Puedo entender que hay colombianos que se identifican con la plataforma pro-empresa y pro-seguridad de uno de los candidatos y que no necesariamente comparten su ideología por completo. Son conscientes de que es una persona que los representa en dimensiones relevantes para ellos, que creen que un gobierno liderado por él es mejor que la alternativa y que confían en que su determinación y energía, acompañadas de la fortaleza técnica de su equipo, son preferibles al continuismo de un gobierno que muchos consideran inefectivo.

De igual manera, elegir a un presidente no significa que debamos compartir por completo sus decisiones una vez tome posesión. Tenemos derecho a disentir, a expresar nuestro inconformismo en los temas en que haya diferencias. La escogencia no implica subordinación perpetua; significa una preferencia dada la disponibilidad de opciones al enfrentarnos a la papeleta en la casilla de votación.

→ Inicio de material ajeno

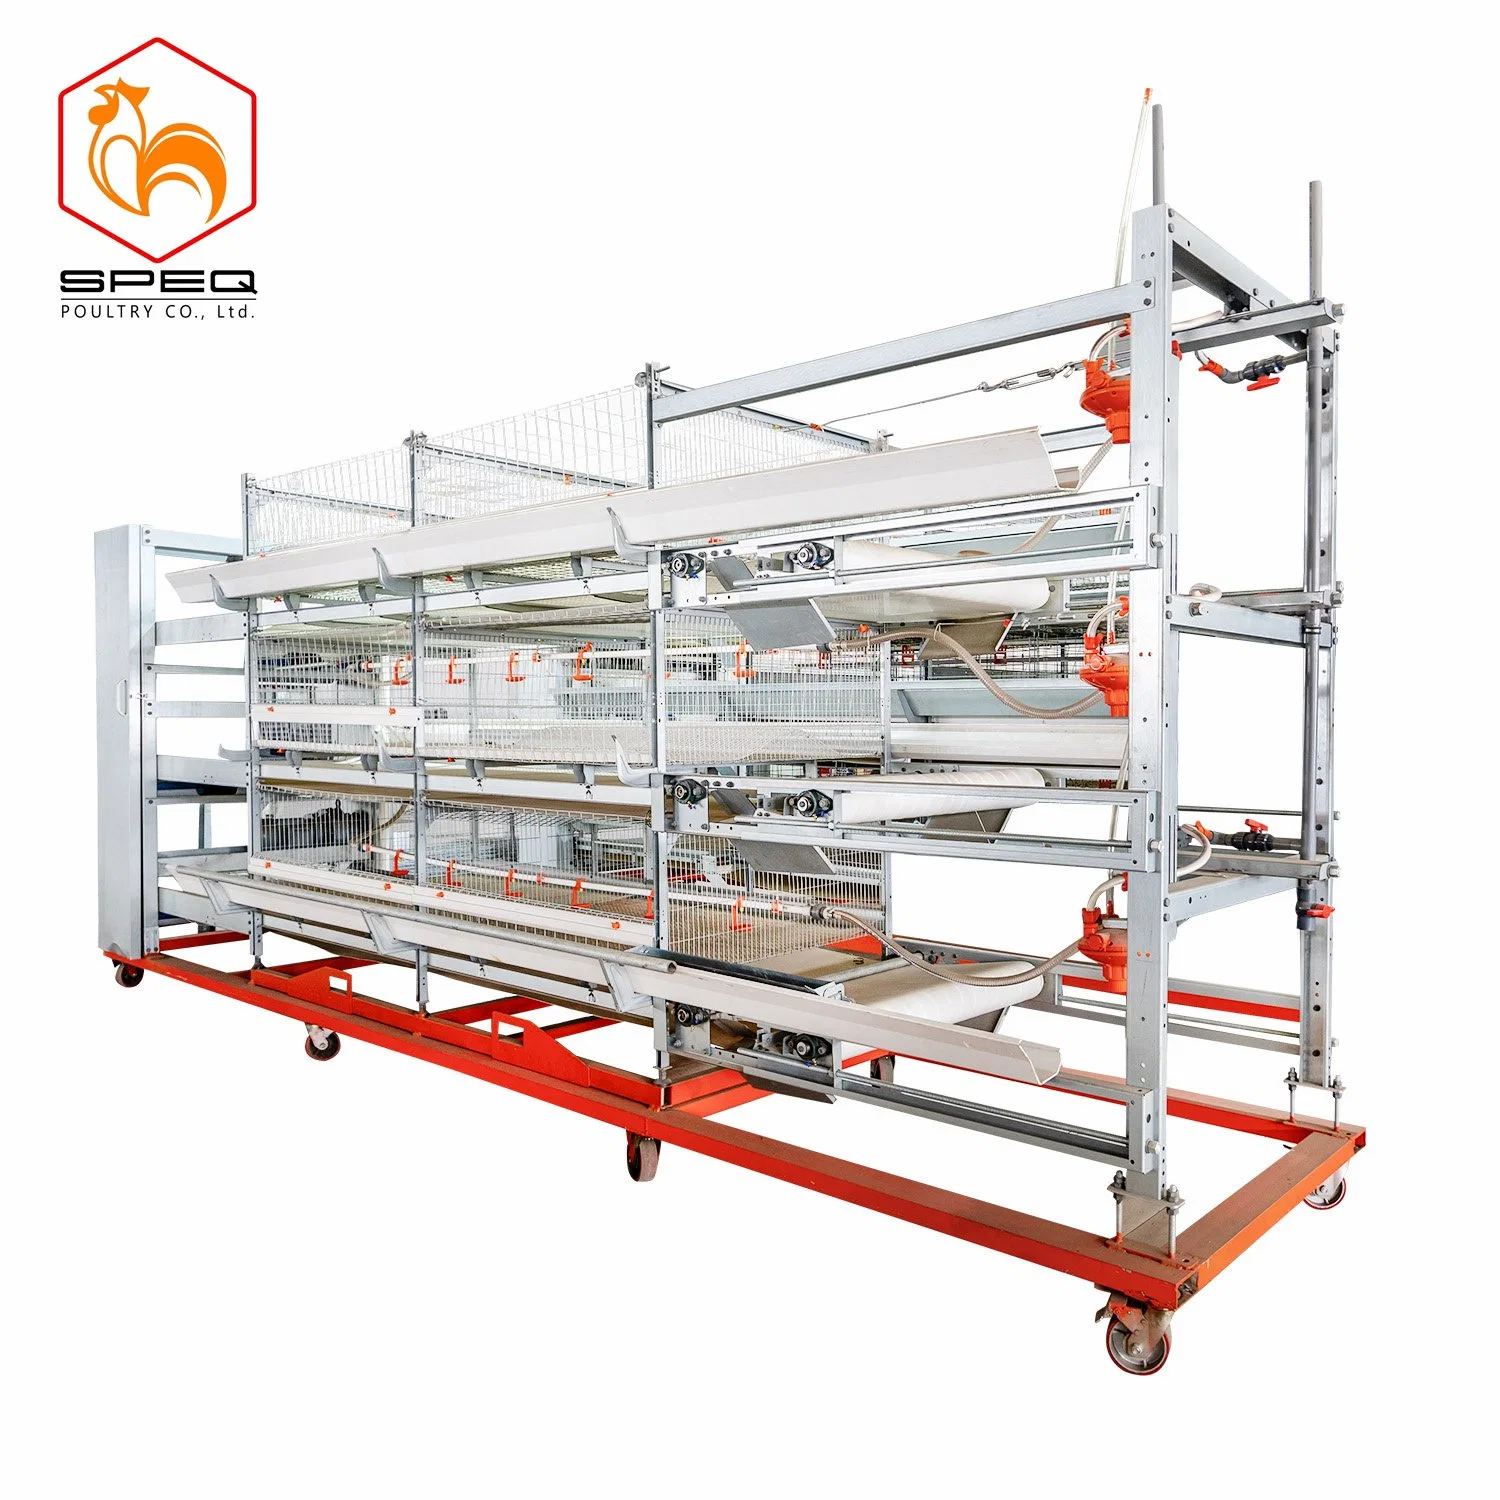 Livestock Poultry Farming Equipment Automatic Battery Cage for Broiler

Al mismo tiempo, el hecho de que el candidato por el cual votamos salga elegido presidente no acalla las voces de quienes votaron por la alternativa. Que haya millones de colombianos con una preferencia diferente nos indica que existe una necesidad de ver más allá de nuestras predilecciones, de reconocer que hay necesidades desatendidas que tal vez ignoremos y que, aunque no compartamos la forma en que uno de los candidatos propone solucionarlas, ese hecho no las invalida ni las invisibiliza.

Quisiera que quien salga elegido gobierne para todos los colombianos, no solo para quienes votaron por él. Es su privilegio y su responsabilidad, y es nuestro deber y derecho exigir que así lo haga. Que busque progreso, prosperidad y paz para todos; que nos una; que nos haga creer que Colombia puede ser mejor. Yo votaré por la posibilidad de que así sea.